Trading cryptocurrency without trusted third-parties (part I)


[Full disclosure: the author works on security for a cryptocurrency exchange]

The collapse of Mt. Gox in 2014 and its aftermath has inspired a healthy dose of skepticism towards storing cryptocurrency with online services. It has also inspired the search for decentralized exchange models where the functionality provided by MtGox can be realized without a single point-of-failure where all risk is concentrated. While the mystery of what went on at Mt Gox remains unresolved to this day, blockchain designs have continued to evolve. Bitcoin itself has not changed much at the protocol level, although it added a couple of new instructions to the scripting language. More significant advances happened with the introduction of segregated-witness, along with the emergence of so-called “layer 2” solutions for scaling such as the Lightning Network. Even more promising is the emergence of alternative blockchains capable of expressing more complex semantics, most notably Ethereum with its Turing-complete smart-contract language. This makes it a good time to revisit the problem of decentralized cryptocurrency exchange without the concentration risk created by storing funds.

Answering this question in turn requires reexamining the purpose of an exchange. At the simplest level, an exchange connects buyers and sellers. Sellers post the quantity they are willing to part with and a price they are willing to accept. Buyers in turn place bids to purchase a specific quantity at a price of their choosing. When these two sides “cross”—the bid meets or exceeds an ask— a trade is executed. The exchange facilitates the transfer of assets in both directions, delivering assets to the buyer while compensating the seller with the funds provided by the buyer.

In an ideal world where everyone is good for their word, this arrangement does not require parking any funds with the exchange.  If Alice offers to sell 1BTC and Bob has agreed to purchase that for $1200, we can count on Alice to deliver the cryptocurrency and Bob to send the US dollars. In this hypothetical universe, they do not have to place funds in escrow with the exchange or for that matter any other third-party. Bob can wire fiat currency to Alice’s bank-account and Alice sends Bitcoin over the blockchain to Bob’s address. In reality of course people frequently deviate from expected protocol, violate contractual obligations or engage in outright fraud. Perhaps Bob never had the funds to begin with or he had a change of heart after finding a cheaper price on another exchange after agreeing to the trade with Alice.

These are examples of counter-party risk. It becomes increasingly unmanageable at scale. It would be one thing if Alice and Bob happen to know each other, or expect to be doing business continuously—in these scenarios “defecting” and trying to cheat the other side becomes counterproductive. With thousands of participants in the market and interactions between any pair being infrequent, there is not much of an opportunity to build up a reputation. It is infeasible for everyone to keep tabs on the trustworthiness of every potential counter-party they may be trading with, or to disadvantage new participants because they have no prior history to evaluate.

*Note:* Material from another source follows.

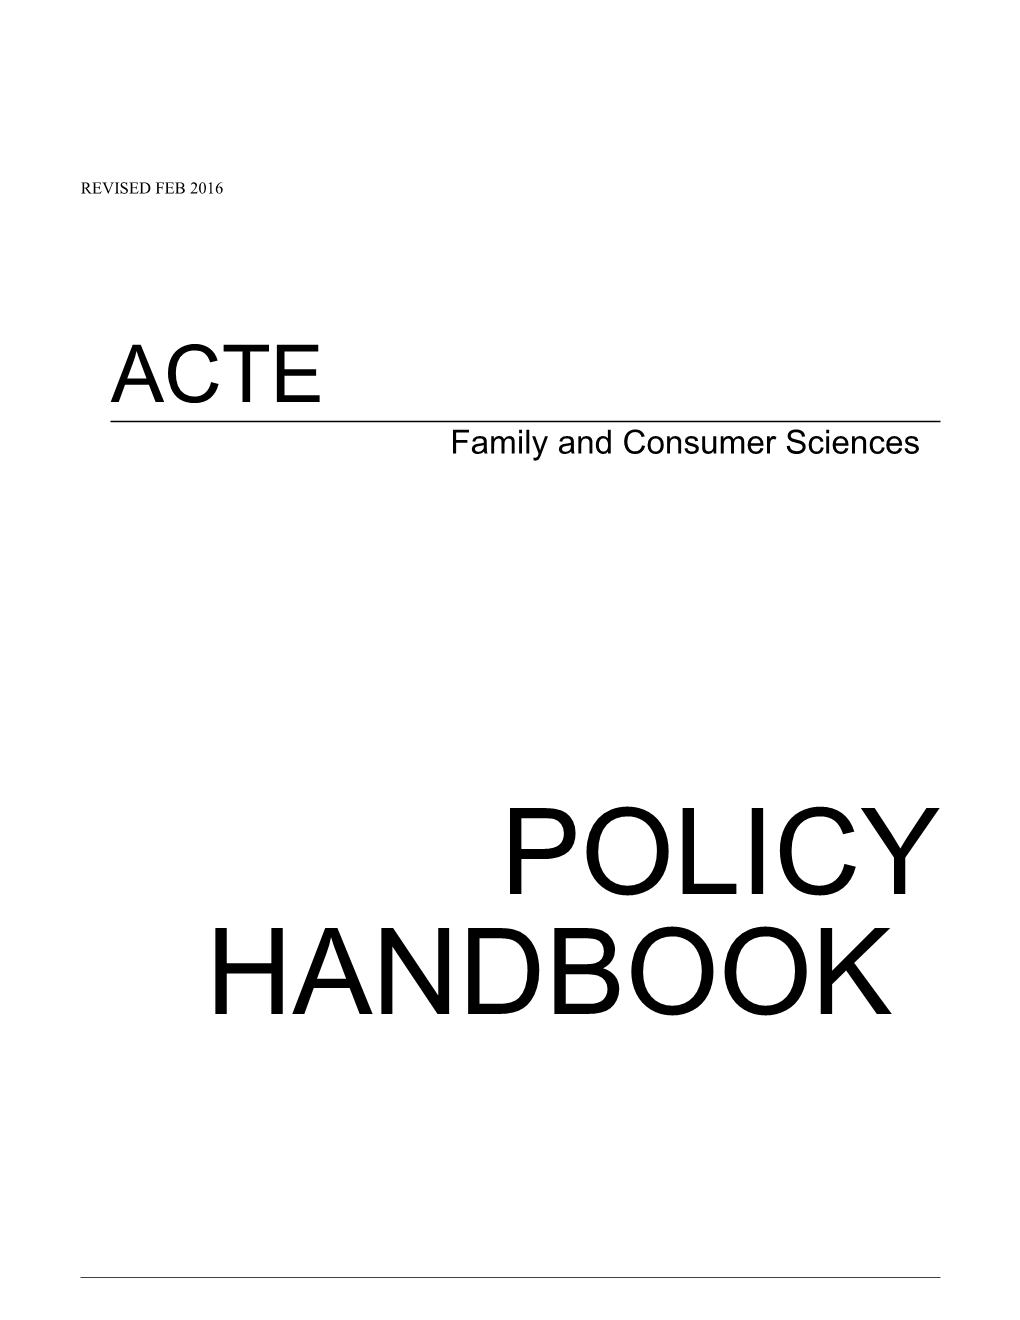 Family and Consumer Sciences

The standard model for exchanges provides one possible solution to this problem: Alice and Bob both deposit their funds with the exchange. The exchange is responsible for ensuring that all orders are fully covered by funds under custody. Using the example of BTC/USD trading, Alice can only offer to sell Bitcoin she has stored at the exchange and Bob can only place buy orders that his fiat balance can cover. Bob can be confident that the assets he just bid on are not phantom-Bitcoins that may fail to materialize after the trade completes. Likewise Alice knows she is guaranteed to receive USD regardless of which customer ends up being paired with her order.

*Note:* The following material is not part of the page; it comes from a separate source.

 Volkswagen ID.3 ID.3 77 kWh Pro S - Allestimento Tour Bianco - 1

The counter-party risk is mitigated but only at the expense of creating new challenges. In this model, the exchange becomes a custodian funds for everyone participating in the market. Aside from the obvious risk of a MtGox-type implosion, it creates a liquidity problem for these actors: their funds are tied up. Consider that a trader will be interested in betting on multiple cryptocurrencies across multiple exchanges. Even within a single trading pair such as USD/BTC, there are significant disparities in prices across exchange, creating arbitrage opportunities. But exploiting such disparities requires either maintaining positions everywhere or rapid funds movement between exchanges. Speed of Bitcoin movement is governed by mining time—which is an immutable property of the protocol, fixed at 10 minutes on average— and competition against other transactions vying for scarce room in the next block. In principle fiat currency can be moved much faster using the Federal Reserve wire system but that too depends on the implementation of wire transfer functionality at each exchange. All of this spells increased friction for moving in/out of markets, as well as greater amount of capital committed at multiple exchanges in anticipation of trading opportunities.

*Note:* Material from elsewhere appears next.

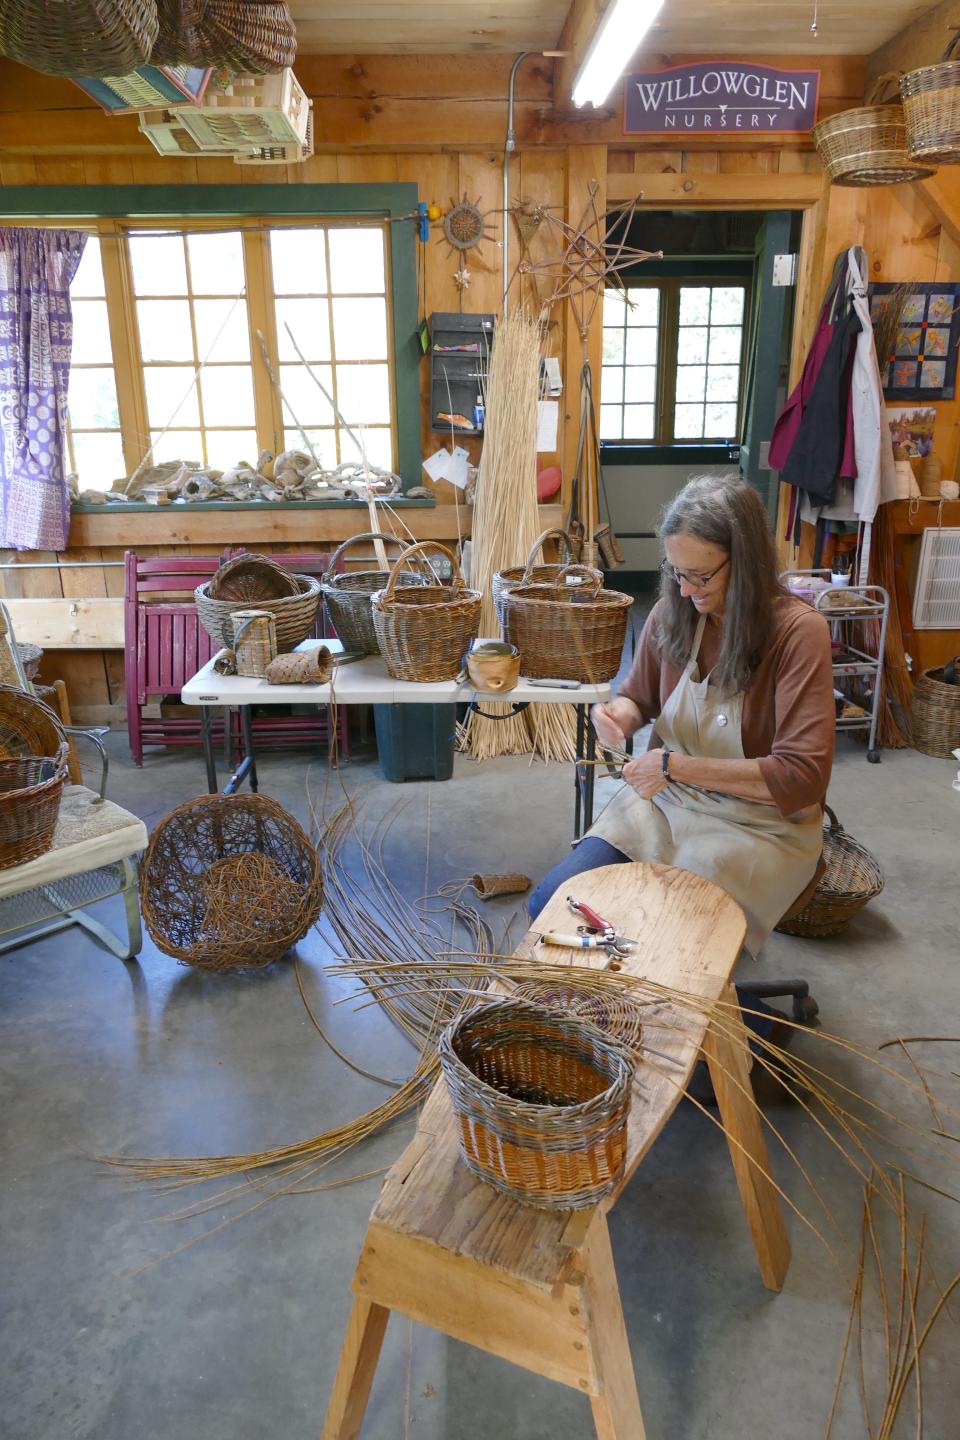 Lee Zieke begins work on a basket base using a simple twining method. “The thing that really got me about Willow is the texture and the patterns,” she says. The simple tools they use for cutting and weaving Willow are similar to those used by European basketmakers for generations. The handcrafted workbench is based on models Zieke saw in the Amanas.

Is it possible to eliminate counter-party risk without introducing these inefficiencies? Over the years, alternative models have been put forward for trading cryptocurrency while eliminating or at least greatly reducing the concentration of risk. For example Bitsquare bills itself as a decentralized exchange, noting that it does not hold any user funds. Behind the scenes, this is achieved by relying on trusted arbitrators to mediate exchanges and resolve disputes:

“If Trader A fails to confirm the receipt of a national currency transfer within the allotted time (e.g. six days for SEPA, one day for OKPay, etc.), a button to contact the arbitrator will appear to both traders. Trader B will then be able to submit evidence to the arbitrator that he did, in fact, send the national currency. Alternatively, if Trader B never sent the national currency, Trader A will be able to submit evidence to the arbitrator that the funds were never received.”

In other words, counter-party risk is managed by having humans in the loop acting as trusted third-parties, rendering judgment on which side of the trade failed to live up to their obligations. The system is designed with economic incentives to encourage following the protocol: backing out of a trade or failing to deliver promised asset does result in loss of funds for the party at fault. (Interesting enough, the punitive damages are rewarded to the arbitrator, rather than the counter-party inconvenienced by that transgression. It is practically in the interest of arbitrators to have participants misbehave, since they get to collect additional payments above and beyond their usual fee.) Arbitrators are also required to post a significant bond, which they will lose if they are caught colluding with participants to deviate from the protocol.

Even with the fallibility of human arbitrators, this system achieves the stated goal of diffusing risk: instead of relying on the exchange to safeguard all funds, participants rely on individual arbitrators to watch over much smaller amounts at stake in specific trades. But there are other types of risk this arrangement can not hedge against, notably that of charge-backs. This is a very common challenge when trying to design a system for trading fiat currency against cryptocurrency. Blockchain transfers are irreversible by design. By contrast, most common options for transmitting fiat can be reversed in case they are disputed. For example, if an ACH transfer is initiated using stolen online banking credentials, the legitimate owner can later object to this transaction by notifying their bank in writing. Depending on the situation, they may have up to 60 days to do so. If the bank is convinced that the ACH was unauthorized, they can reverse the ACH transfer. What this means is that Alice can face an unpleasant surprise many weeks after releasing Bitcoin to Bob. Bob— or whoever owns the account Bob used to send those funds— can recover the funds Alice received as proceeds, leaving her holding the proverbial bag, since she has no recourse to clawing back bitcoin.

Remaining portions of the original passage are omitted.